Sunday, October 05, 2014

Sunday Morning Bonus Pulp: Dime Detective, December 1943


(Here's a post that originally appeared on January 10, 2006, long before I started the Sunday Morning Bonus Pulp series. But it certainly fits right in.)

I finished reading this pulp tonight and thought that it was a very good issue. The lead story is a long novelette by Merle Constiner about private detective Wardlaw Rock, also known as the Dean. I've read several stories from this series and liked them all. Constiner takes several wildly different plot elements, obscure historical trivia, bizarre scientific facts, and mixes them all into coherent, highly entertaining mystery yarns. If I had to compare the Dean stories to something current, it would be the TV series MONK, although personality-wise the Dean and Adrian Monk are completely different. The small press publisher Battered Silicon Dispatch Box has done a pricey volume reprinting all the Dean stories. I haven't sprung for it yet, but I may one of these days.

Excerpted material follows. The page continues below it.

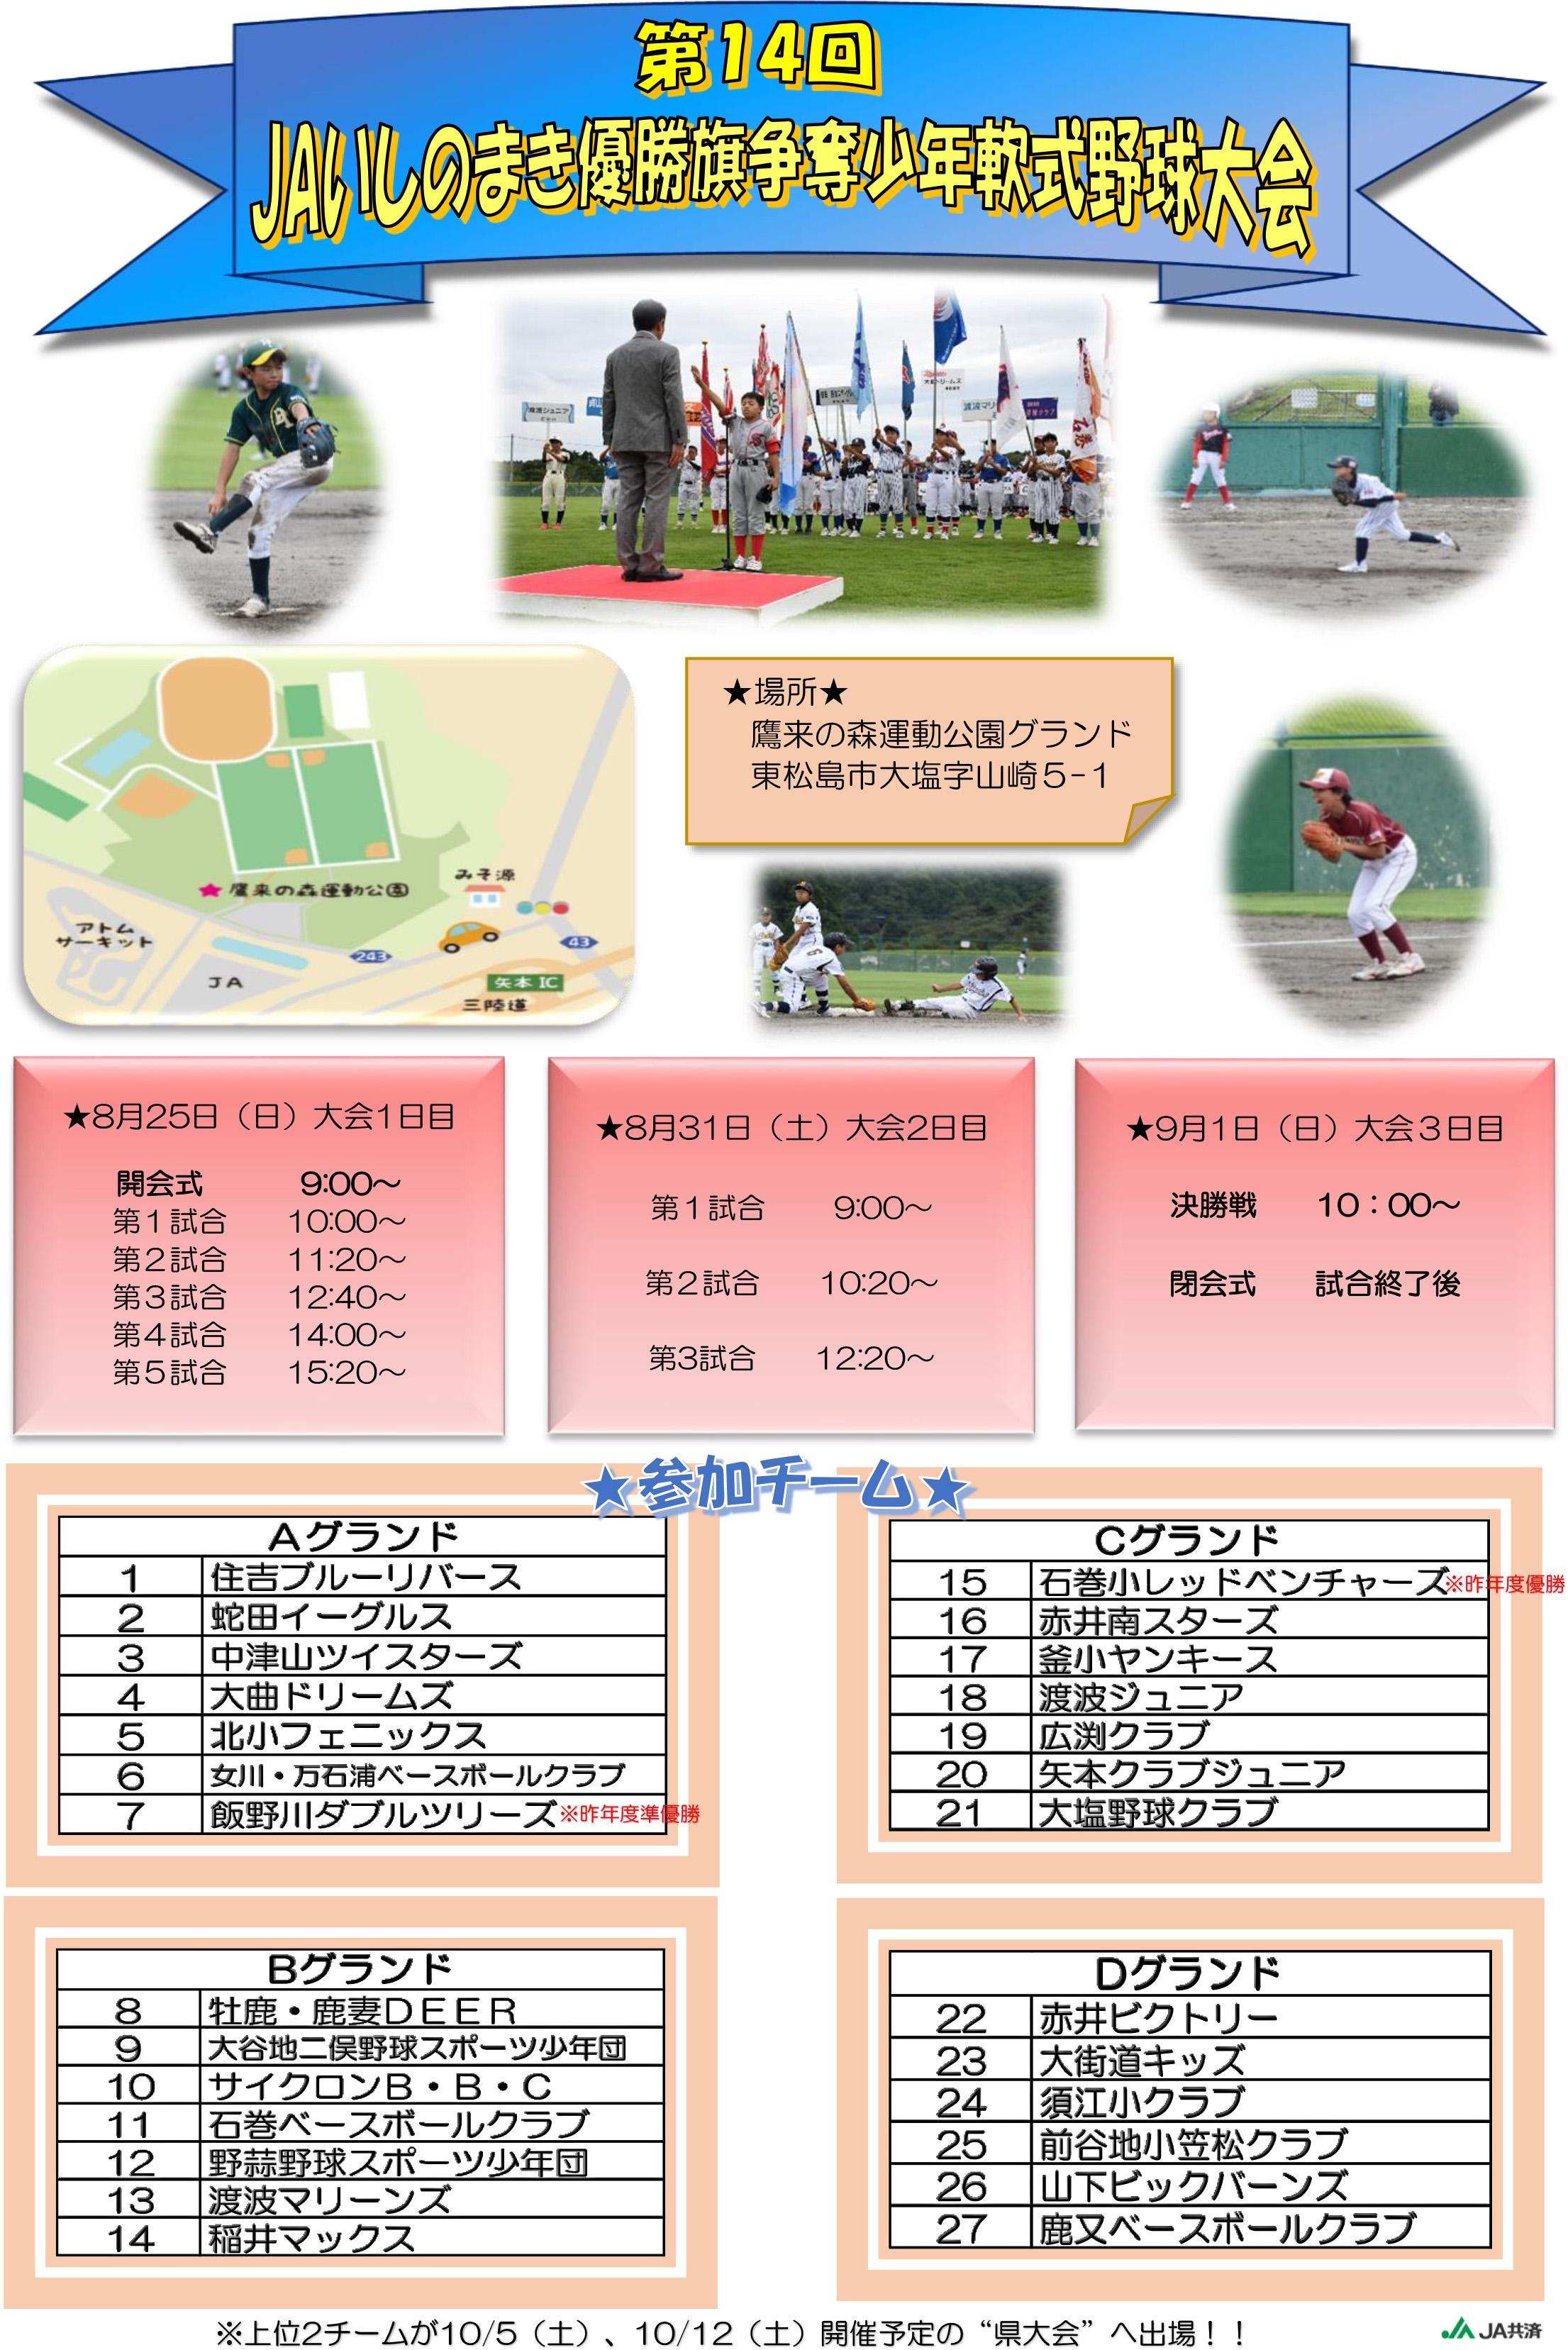 少年野球大会-1

This issue of DIME DETECTIVE also features novelettes by Norbert Davis (a Bail-Bond Dodd story) and Day Keene. Davis's stories are always well-written and funny, and Keene is a long-time favorite of mine. And it has a striking cover to boot. Good stuff.

2 comments:

Walker Martin said...

I'm a big fan of Merle Constiner also. In addition to the many novelets starring the Dean, he also had a private eye series in BLACK MASK starring Luther McGavock. Later, after the pulps died, he went on to write over a dozen very interesting and excellent western paperbacks.

James Reasoner said...

I've read some of the Luther McGavock stories and liked them a lot, too. Constiner was a very good writer. I was shocked years later when I read that he made very little money from his writing and he and his wife had to get by on what his wife made (as a nurse, I believe). I figured any author whose name I saw as often as Constiner's had to be making a living at it. I didn't realize how little those Ace Doubles paid and how many of them you had to write to get by.